Assassin's Creed Valhalla Box art Assassin’s Creed Valhalla is the 12th entry into the Assassin’s Creed franchise since its inception in 2007. It is not without its bugs, which not only offer frustration at times, but often result in a laugh. It is also undoubtedly one of the most brutal and gritty games in the franchise. It even has a slider in the settings labeled ‘dismemberment on/off’. Valhalla is a AAA game that shows just how serious Ubisoft Montreal takes when creating beautiful environments, compelling characters, and giving fans of the franchise the Viking story that has been requested for years. Let’s take our ‘leap of faith’ together.

For this entry into the franchise you play as Eivor, a fearsome Viking in 873 AD. You can choose to play Eivor as either a female or male as you could in Odyssey, or you can ‘let the animus decide’. This is the default option for the game, letting the game choose which version of Eivor you play depending on the strength of the memories. Despite choosing to let the animus decide, I remained female for the majority of my playthrough. I am incredibly happy with my decision and seeing the changes in the story as I swapped between both versions of Eivor was interesting. There was a vastly different feeling in the playthrough when I swapped between the male and female character, like a dramatic change when watching a movie. I paid attention because something was different. It is important to note that you can swap between the male and femals version at any point during the game, so you are not stuck with the decision you make at the beginning.

Seeing that the Viking period is synonymous with looting and pillaging, it is no surprise that Valhalla brings more aggressive and chaotic combat with this title. You will raid and pillage villages and monasteries across the map to increase supplies to build and upgrade your settlement. Each level you go up will introduce new NPC residents and new opportunities for buildings such as a shipyard, tattoo shop, merchant, stables, and barracks. The barracks let create your own Jomsviking, a soldier-at-arms who can be summoned by other players. You can also hire Jomsvikings from other players to join your crew.


At times, Valhalla's gameplay leans toward the more classic combat of the older Assassin's Creed games, a style that the newer RPG driven Assassin’s Creed titles of Origins and Odyssey have moved away from. I was pleased to see the return of the hidden blade, complete with its own story, as well as social stealth making a return. This title has also rediscovered the sense of humour and rugged silliness missing since Black Flag. You will find familiar, returning components like chasing down pages in the wind, and of course chasing down the new order of baddies, all while evading mercenaries looking for you across the map.

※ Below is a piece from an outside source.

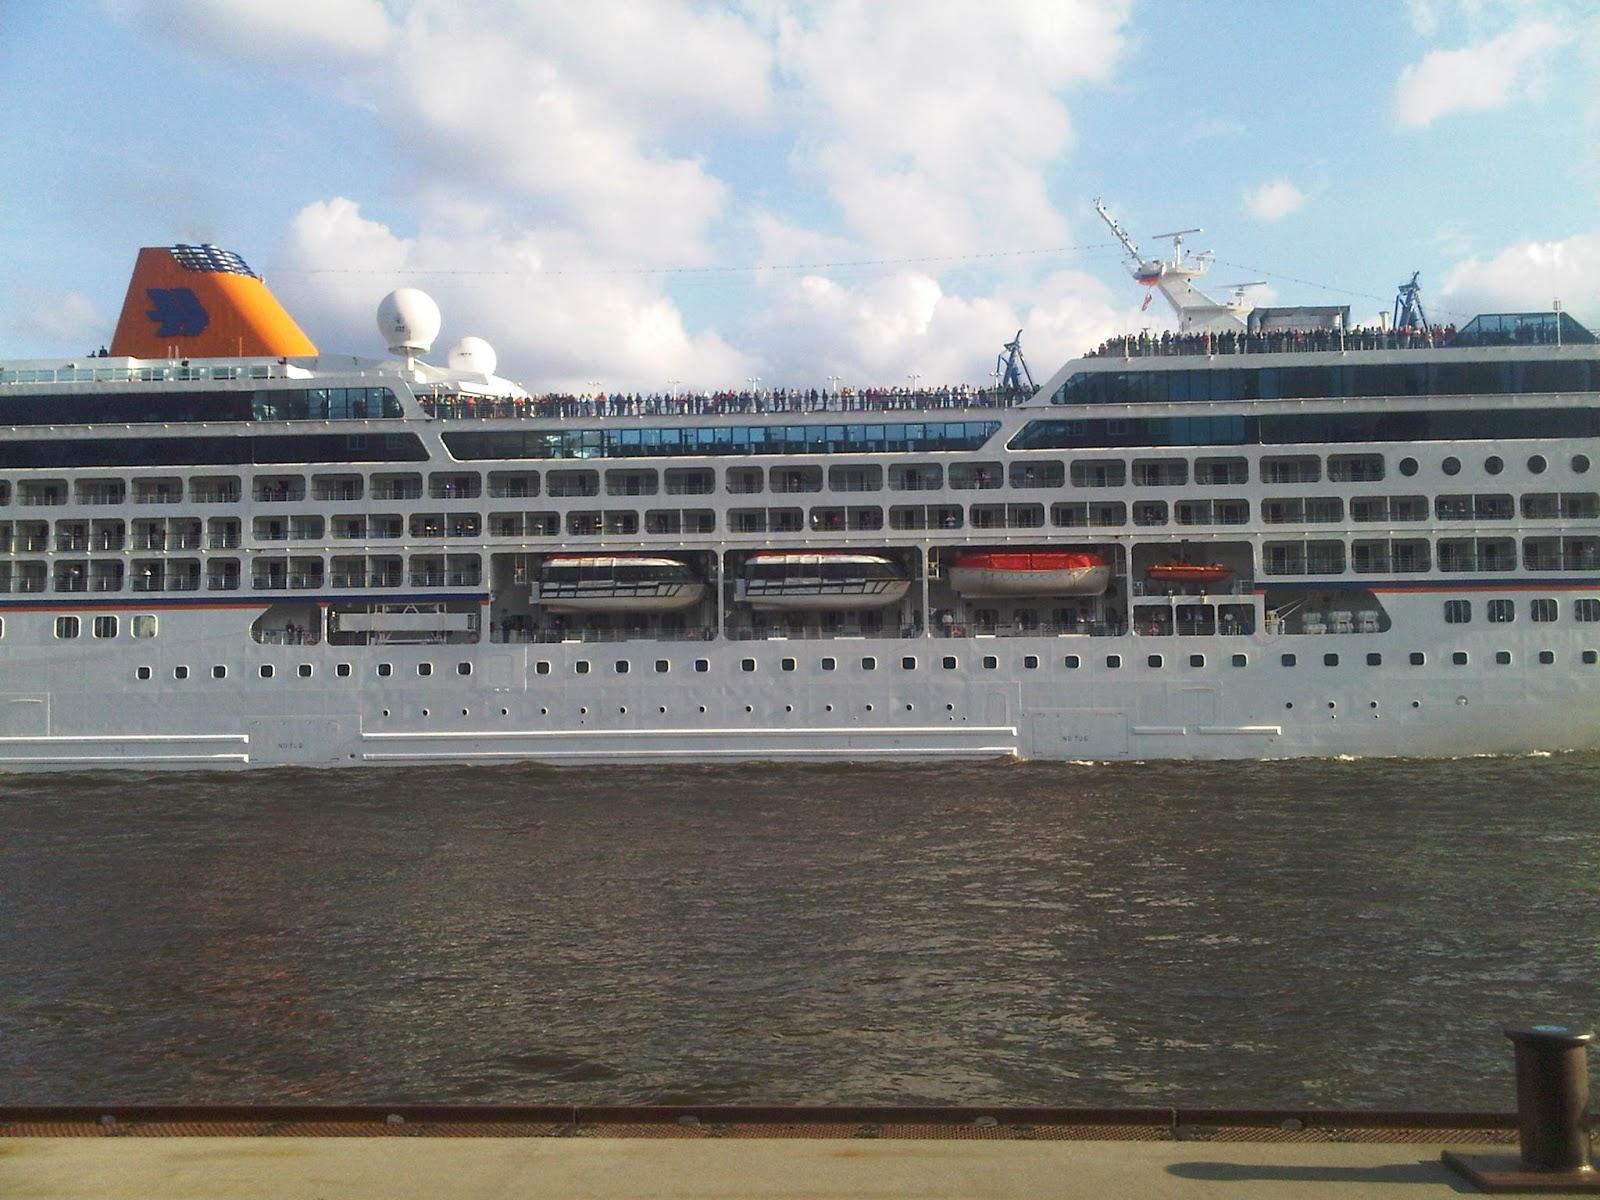 Columbus 2 verlässt den Hamburger Hafen.

The combat is generally excellent. Fights are fast-paced and satisfyingly violent. It is straight forward combat, and it continues the trend of previous games in the series by giving Eivor a set of abilities that rely on a stamina meter. As you progress through the game you will earn skill points that unlock nodes on what may be the largest skill tree I have ever experienced in a game. It is beautifully laid out, based on constellations, but it is also difficult to determine where you want to be until you unlock all of it. It is particularly useful that you can choose to change your point allocation at any time if you are looking to change your build during the game. Each node will increase an attribute such as Health, Stealth Damage or Bow Range, while every few increases will unlock a new finisher or special move such as the ability to quickly switch dual-wielded weapons from hand to hand in order to vary your attacks, poison arrows and many other things.

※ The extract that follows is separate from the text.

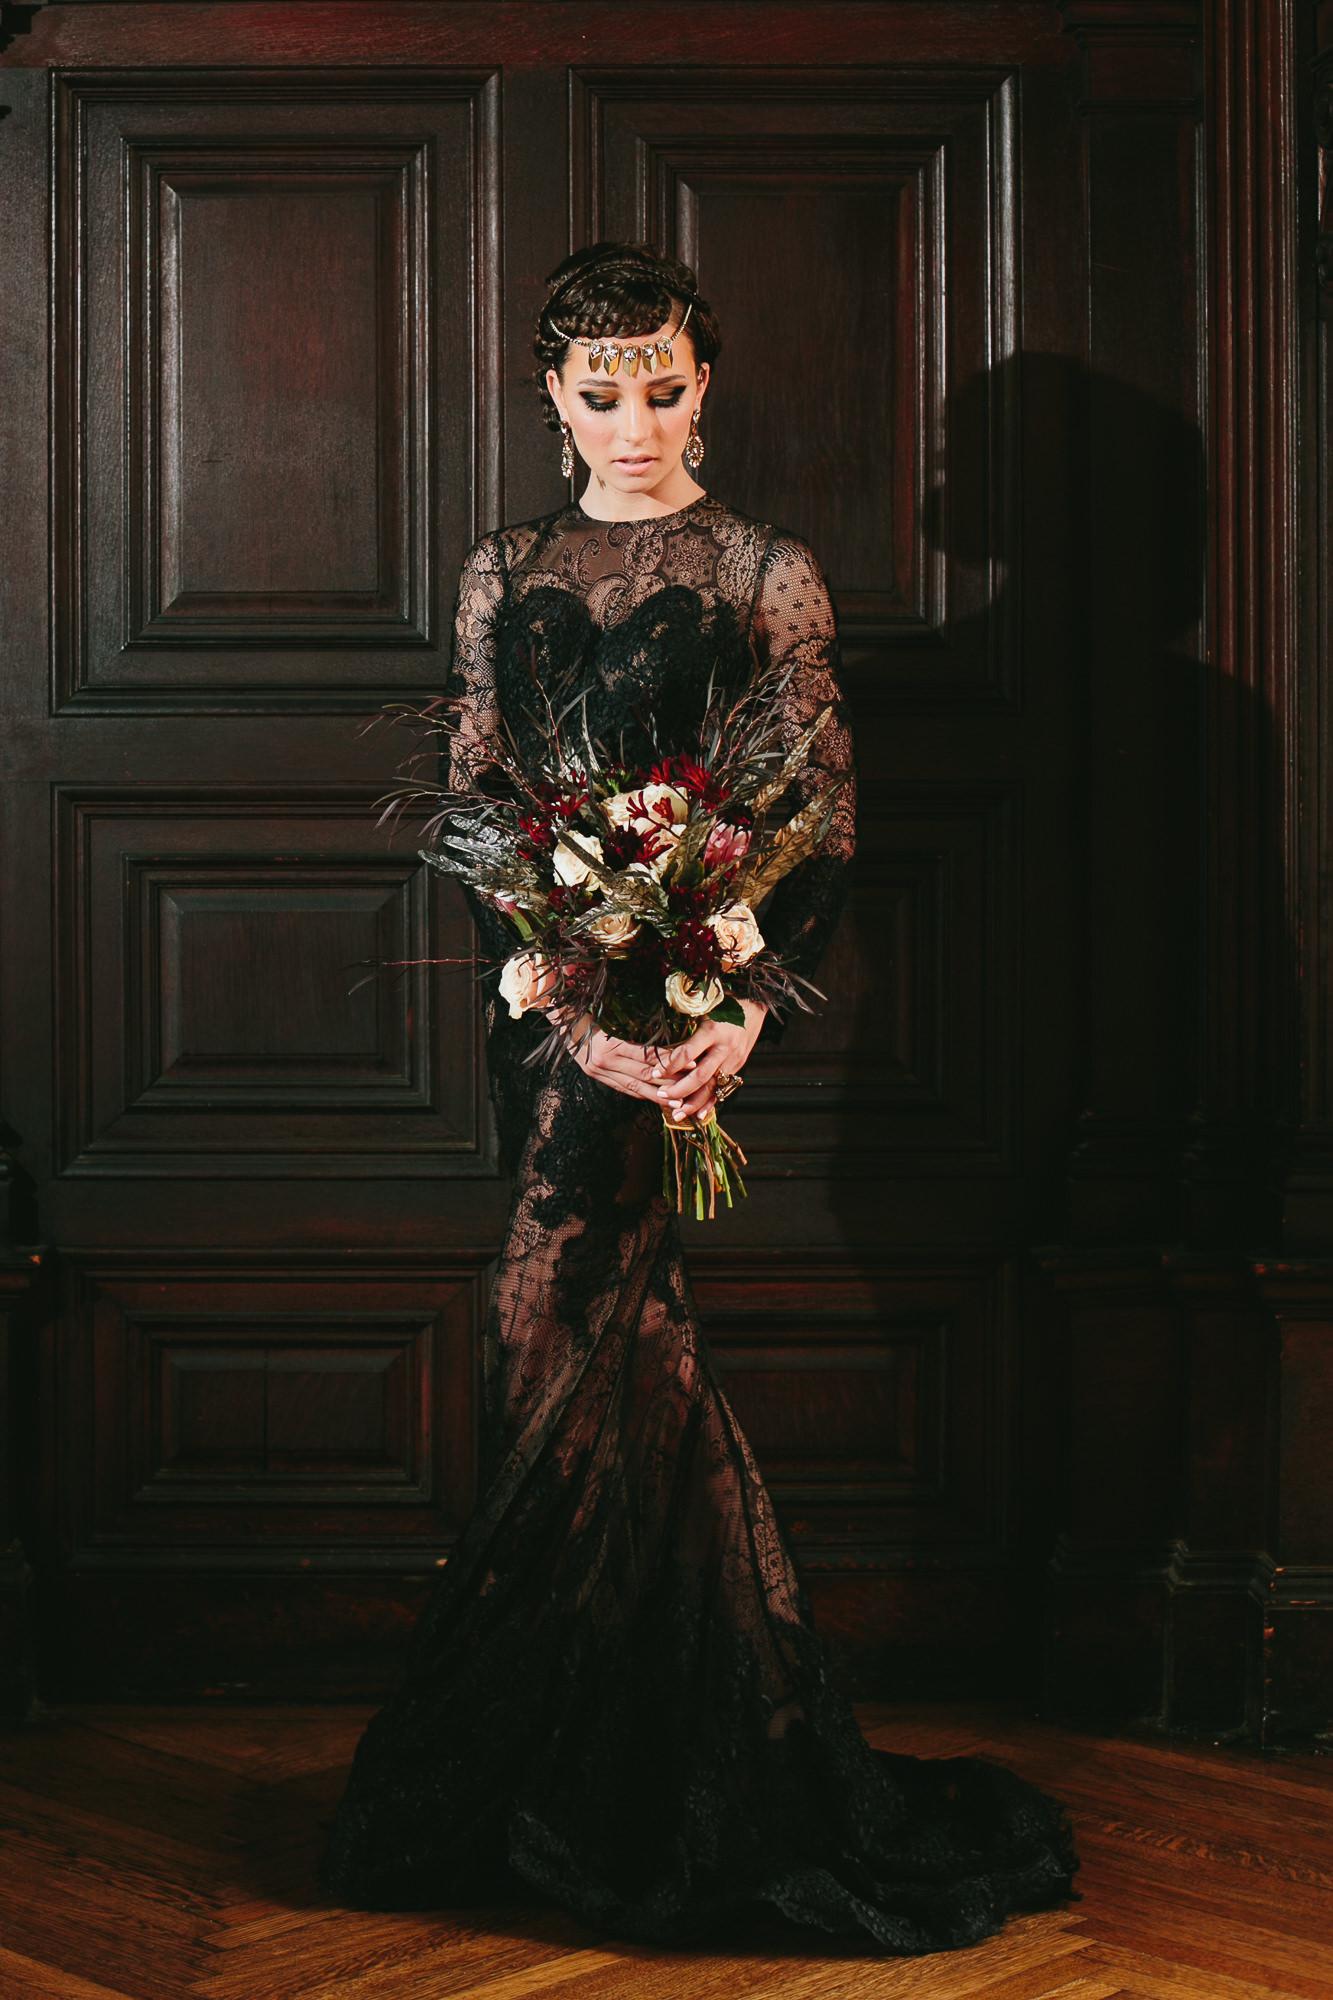 65 Black Lace Wedding Feather Bouquet Highline Hotel NYC.jpg

Along with the main story, there is a multitude of other activities like hunting or fishing. The traditional side quests have been replaced by ‘mysteries’. These are self contained stories sometimes featuring bizarre situations and characters. I won’t spoil anything, but I ran into a nudist, a crazy cat lady, and a man with an axe in his head, just to name a few. You also have optional activities in any of the cities you visit. You can partake in drinking contests, a game of Orlog (strategy-based dice game), or my personal favourite – flyting. You can think of flyting as a Viking rap battle that is a short battle of wits and insults.

The environment is beautiful. This is especially noticeable on the Xbox Series X on which I played much of my game. I spent a lot of time taking pictures in photo mode. Excellent voice performances from both versions of Eivor are featured as well as beautiful music and sound effects that sell the mayhem of battle. Most of the dialogue is well written, and the personalities are distinct while the conversations seem natural. Viking songs and story telling on your longboat are a welcome return for those who loved the shanties in Black Flag. The soundtrack is beautiful, powerful, and haunting at times. I find myself listening to it even when not playing.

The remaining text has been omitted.